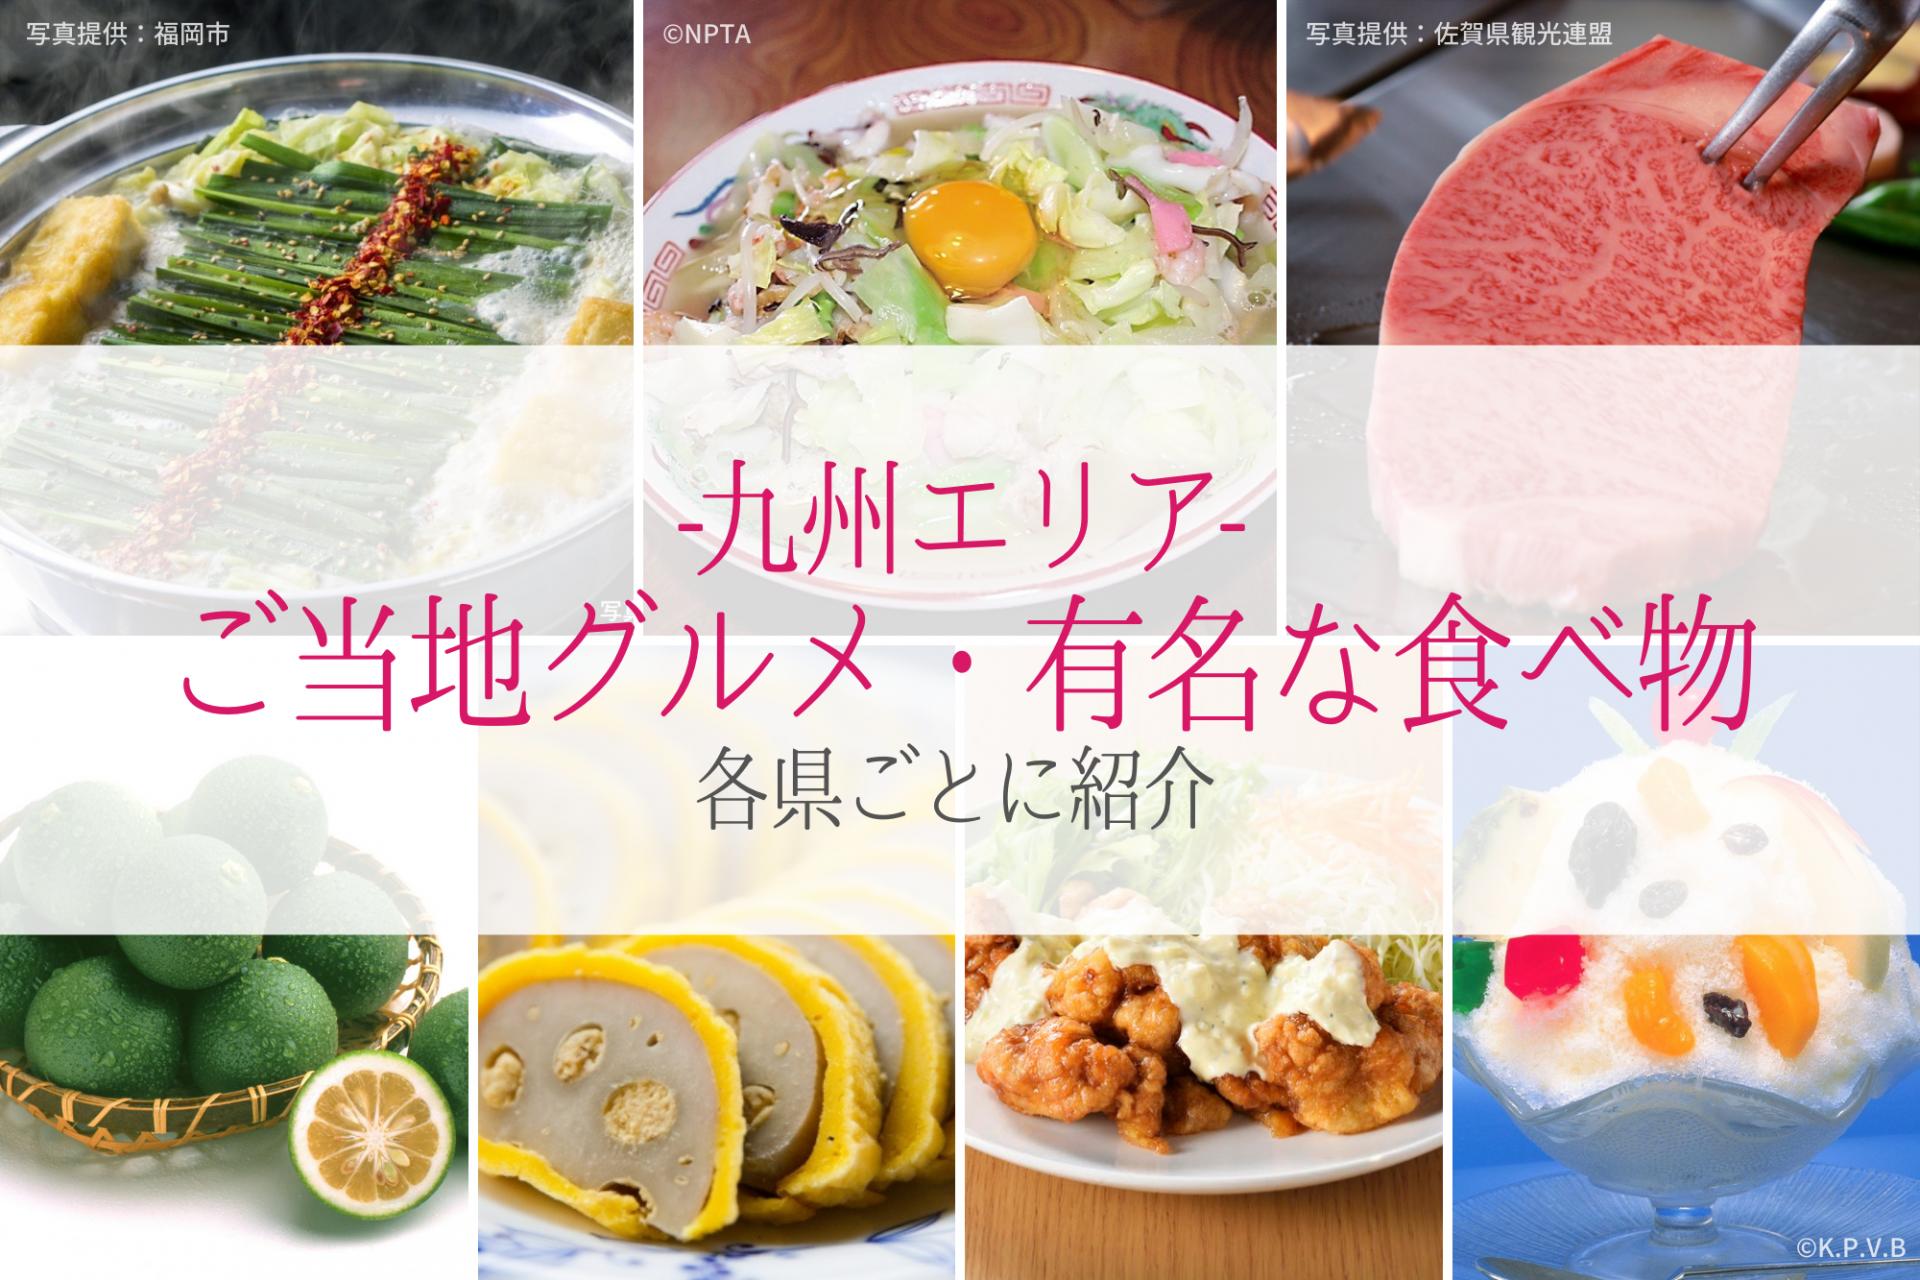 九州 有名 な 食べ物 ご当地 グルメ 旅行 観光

---+---

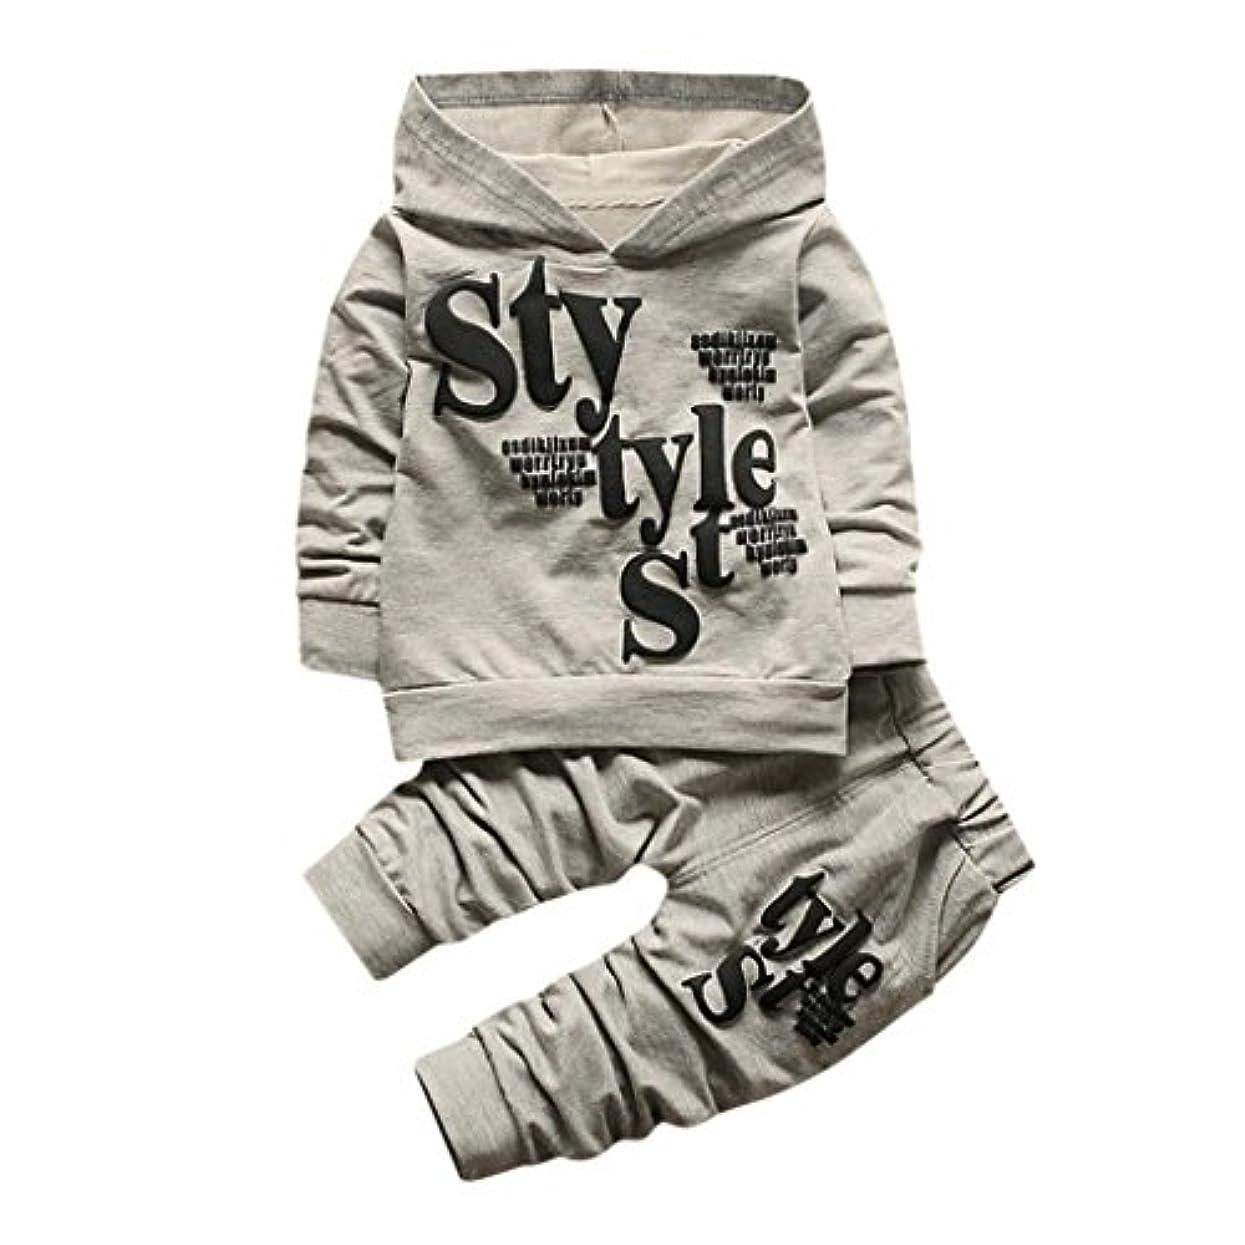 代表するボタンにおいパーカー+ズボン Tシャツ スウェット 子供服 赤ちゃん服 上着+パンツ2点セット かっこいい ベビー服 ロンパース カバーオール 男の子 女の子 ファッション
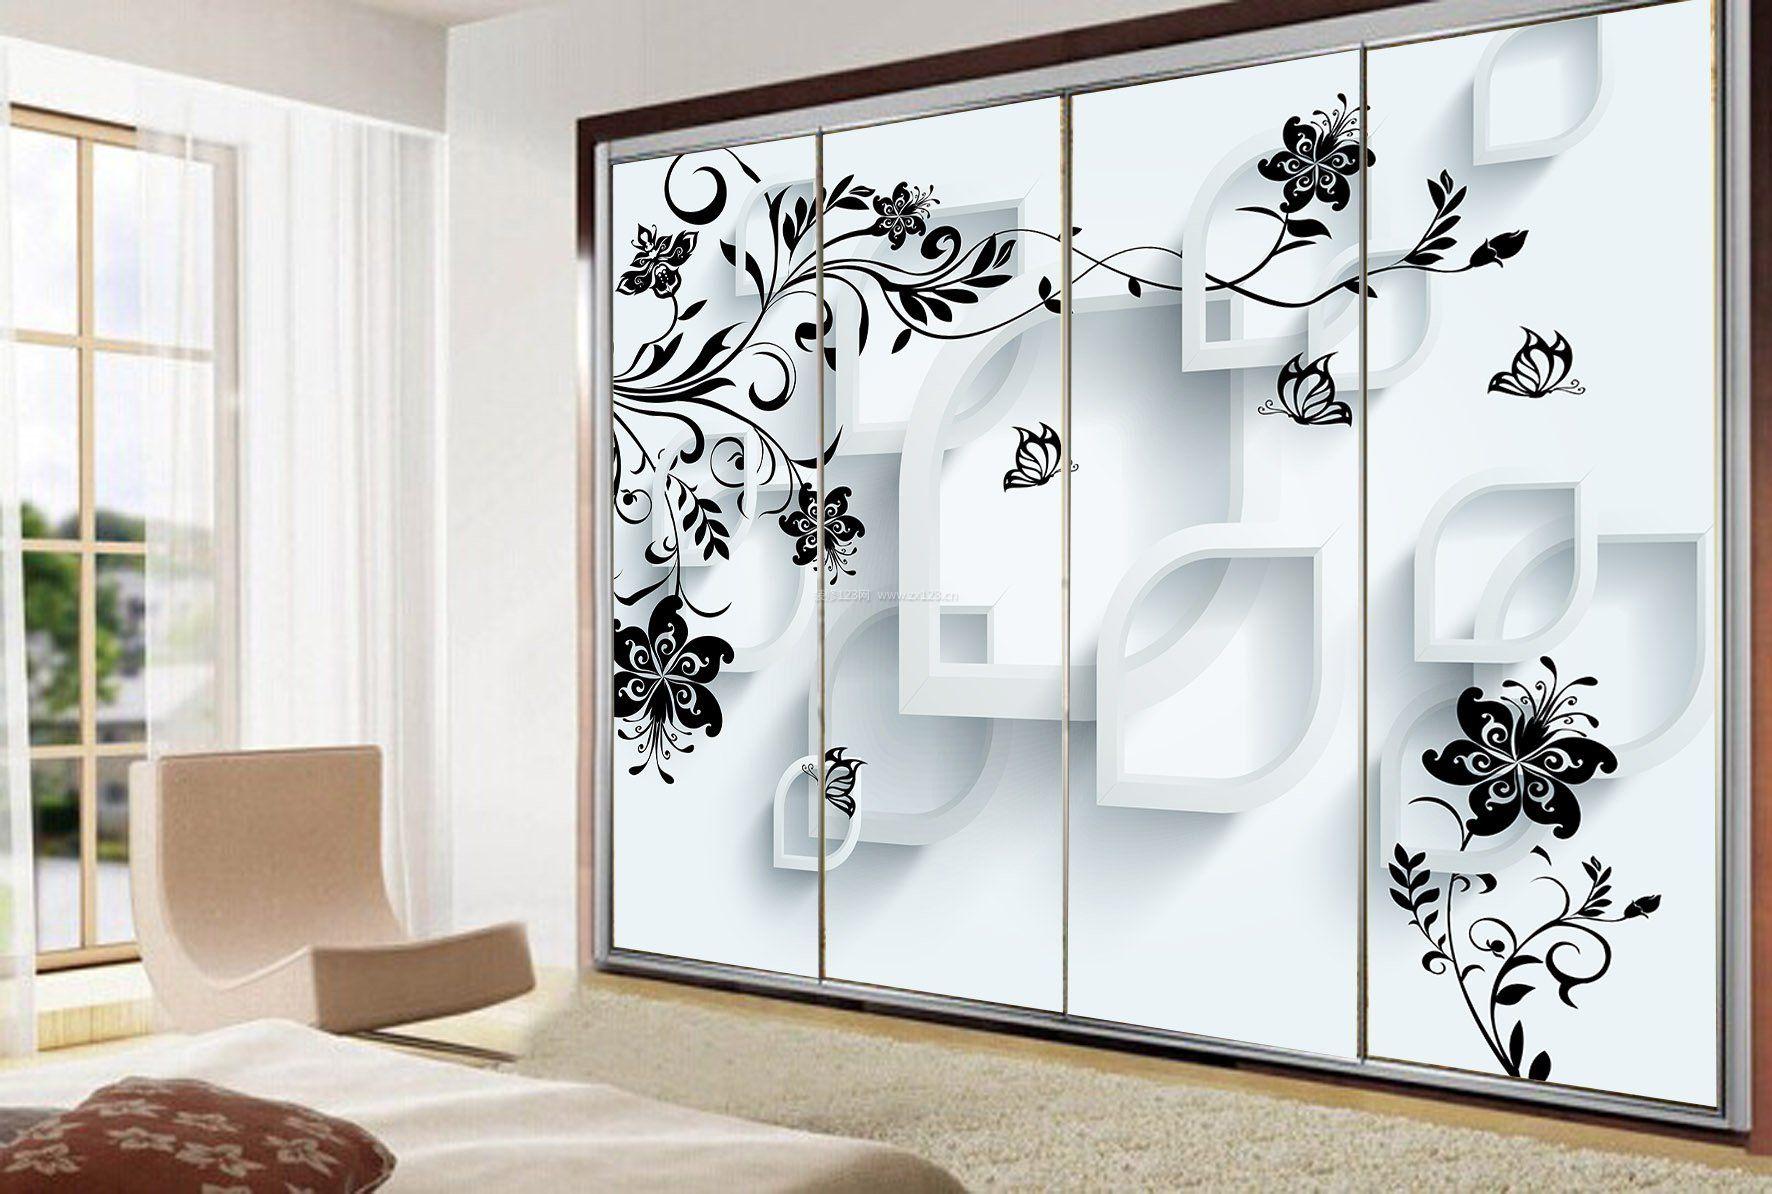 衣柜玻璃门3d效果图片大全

---+---

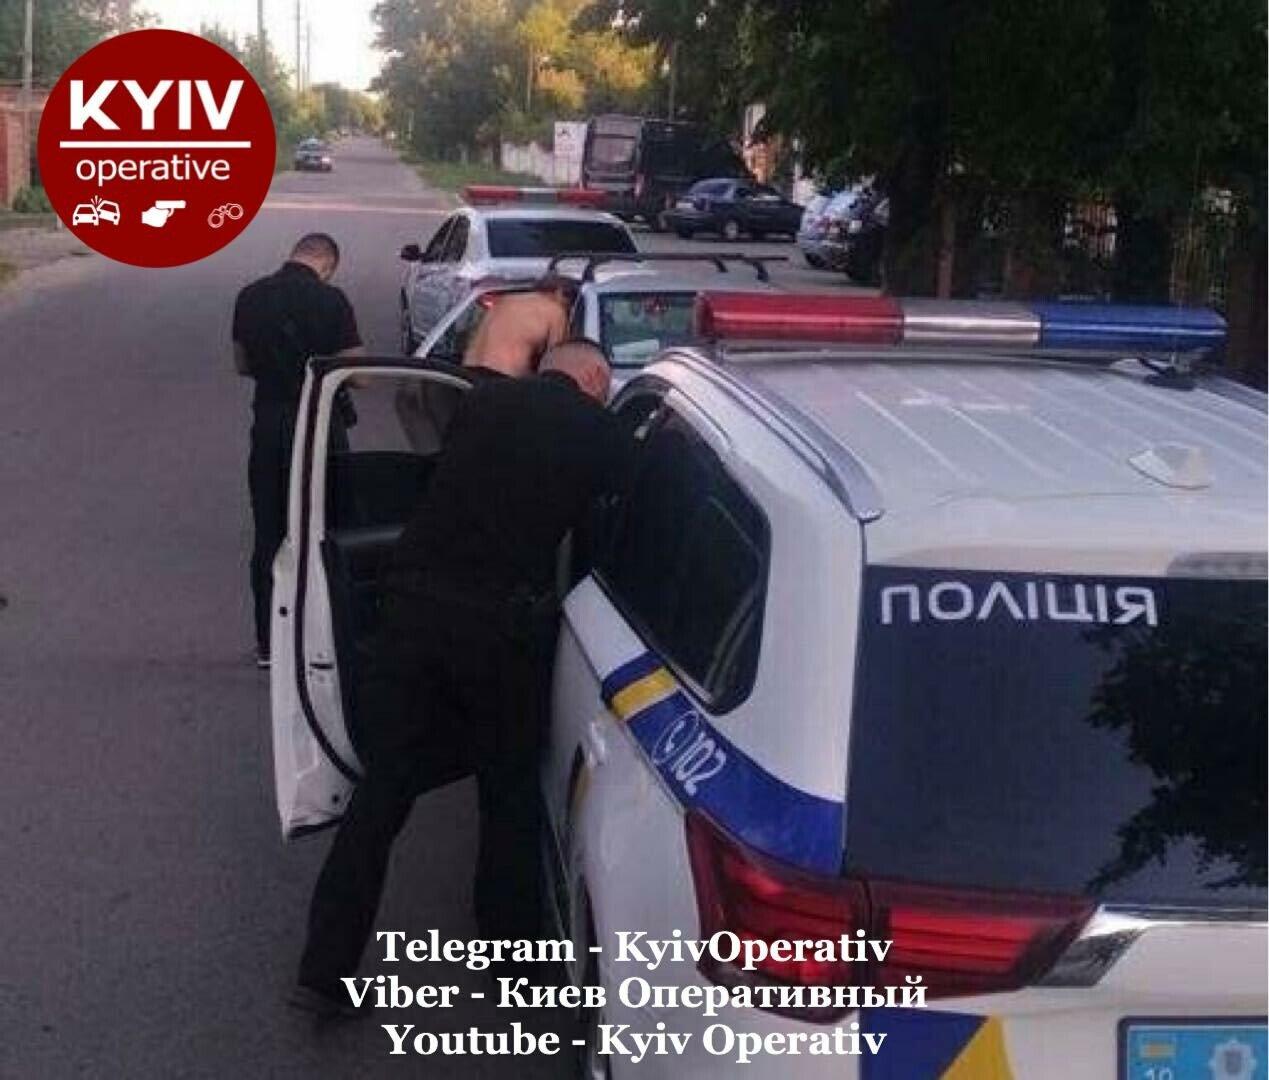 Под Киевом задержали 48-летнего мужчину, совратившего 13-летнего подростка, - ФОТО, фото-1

---+---

#### [Exercise directions]
Print, exactly, each line above from the one with "代表するボタンにおいパーカー+ズボン Tシャツ スウェット" to the one with "衣柜玻璃门3d效果图片大全", end lines included. Leave pictures out of it.

#### [Response area]
 代表するボタンにおいパーカー+ズボン Tシャツ スウェット 子供服 赤ちゃん服 上着+パンツ2点セット かっこいい ベビー服 ロンパース カバーオール 男の子 女の子 ファッション
 衣柜玻璃门3d效果图片大全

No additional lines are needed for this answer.